Wednesday, April 04, 2007


What WOULD Joel Osteen do...if he came across a couple going at it in the cab of some big rig at six in the morning (six in the morning)? Gerry hath axed a provocative question. But at first I misinterpreted. I thought ye said "J-Lo," as in "Jenny from the Block" in Jennifer Lopez. So, of course, I totally accepted and even fantasized about the notion that Ms. Lopez would do some gringo trucker for free crystal meth some early morning after her inevitable decline in the near future. As for J.O...there shall be no such decline for him, although after Ted Haggard you do have to suspect that every single evangelical preacher in the world must secretly be gay. Or perhaps you don't. But whether he be gay or no (and I'm sure he'd say no), my boy J.O. don't preach the hate, and although he might privately believe that homosexuality is a sin, I've never heard him mention it in a sermon. He stays positive. So, prolly, after the couple in the truck got done going at it, J.O. would give them a big, shit-eating (but lovable) smile, and invite him to his football stadium-sized church. Cuz if any evangelical, gelled-mullet preacher out there could ever grasp the concept of being loving towards folks even if you don't agree with their lifestyle would be the mighty Joel Osteen and whatever brand of teeth-whitening paste he currently uses.

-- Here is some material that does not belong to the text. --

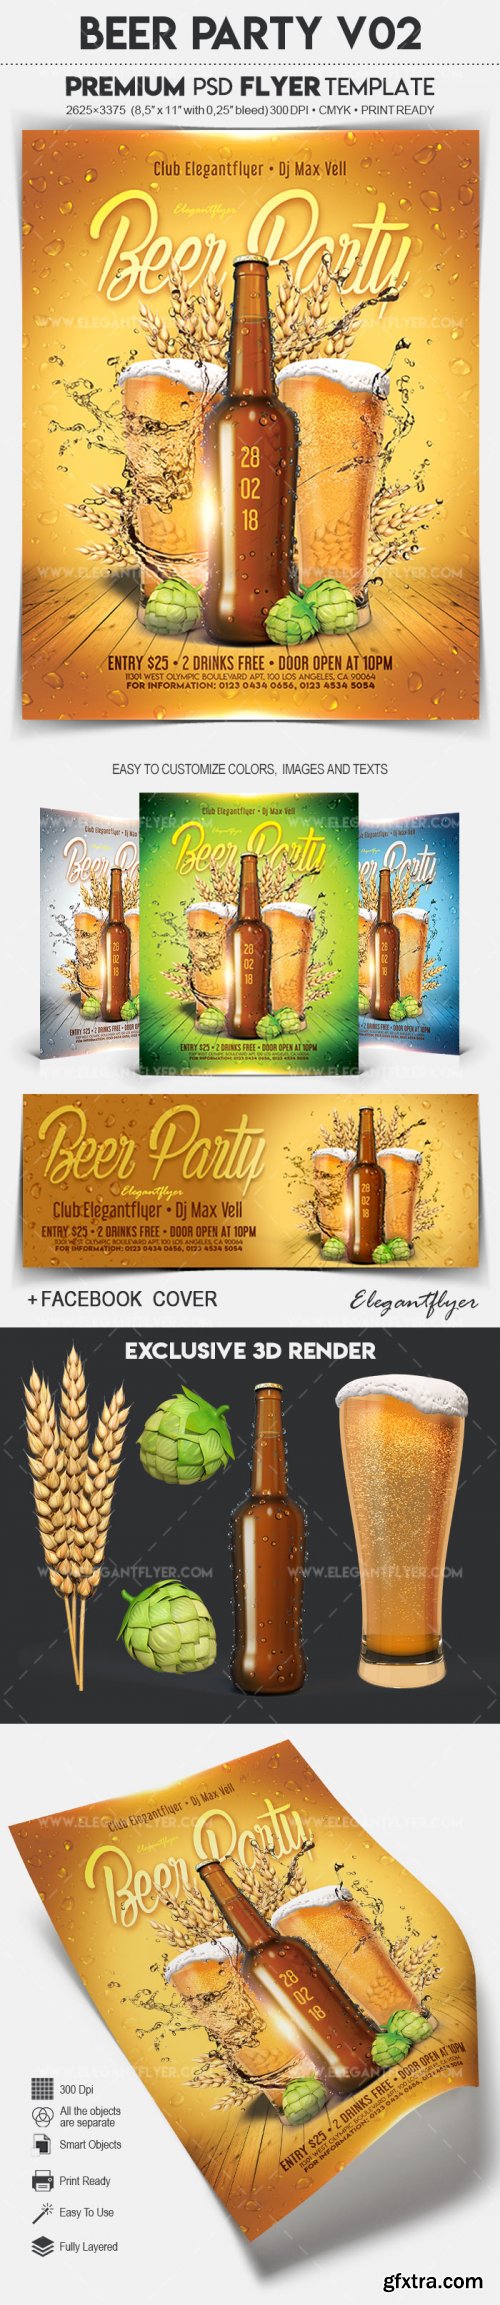 Beer Party V02 2018 Flyer PSD Template + Facebook Cover
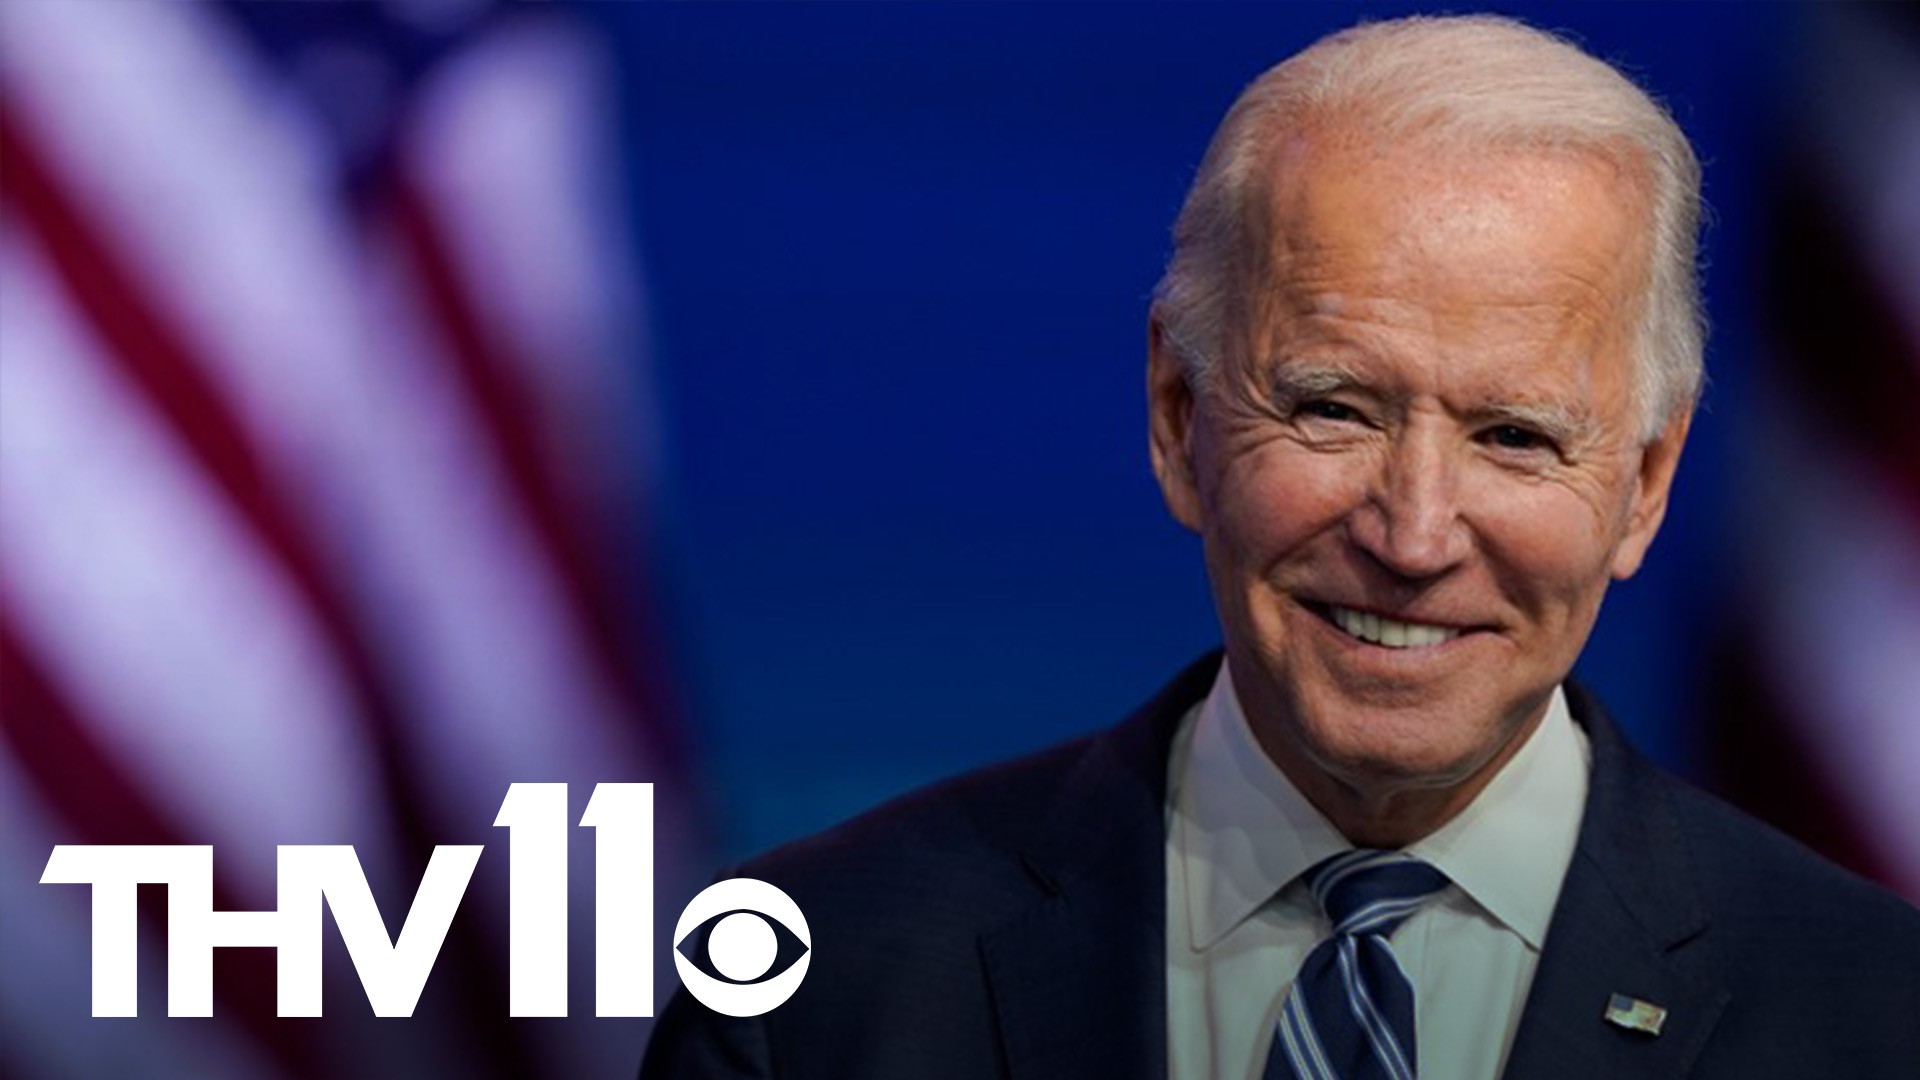 Career federal officials are opening the doors of agencies to hundreds of transition aides ready to prepare for Biden's Jan. 20 inauguration.

However, if I implied that J.O. likes to cuss during his sermons, then I do repent me. He does end all his sermons with the phrase, "Do you receive it today? I know you do." But so far he has never added, "I know you do, motherfuckers!" He might want to try that on a day where half of the football stadium-sized church has fallen asleep. Of course, one does look forward to the day when the cursing preacher becomes a popular cultural icon, but for now most clergy keep their obscenities confined to their deeds and not their words. I hear, in fact, that Ted Haggard never crossed that particular line: when he had the male prostitute fuck him in the ass, or when he fucked the male prostitute in the ass, or when they sucked each other's dicks or whatever, Rev. Haggard always insisted upon using words like, "fanny," "fornicate," "oral pleasure," etc., and never words like, "fuck," "ass," blowjob," etc. Ultimately, it wuz that resistance to naughty words that provided Teddy with the moral fortitude to go to gay rehab and rededicate his life to the Lawd. Glory, Hallelujah!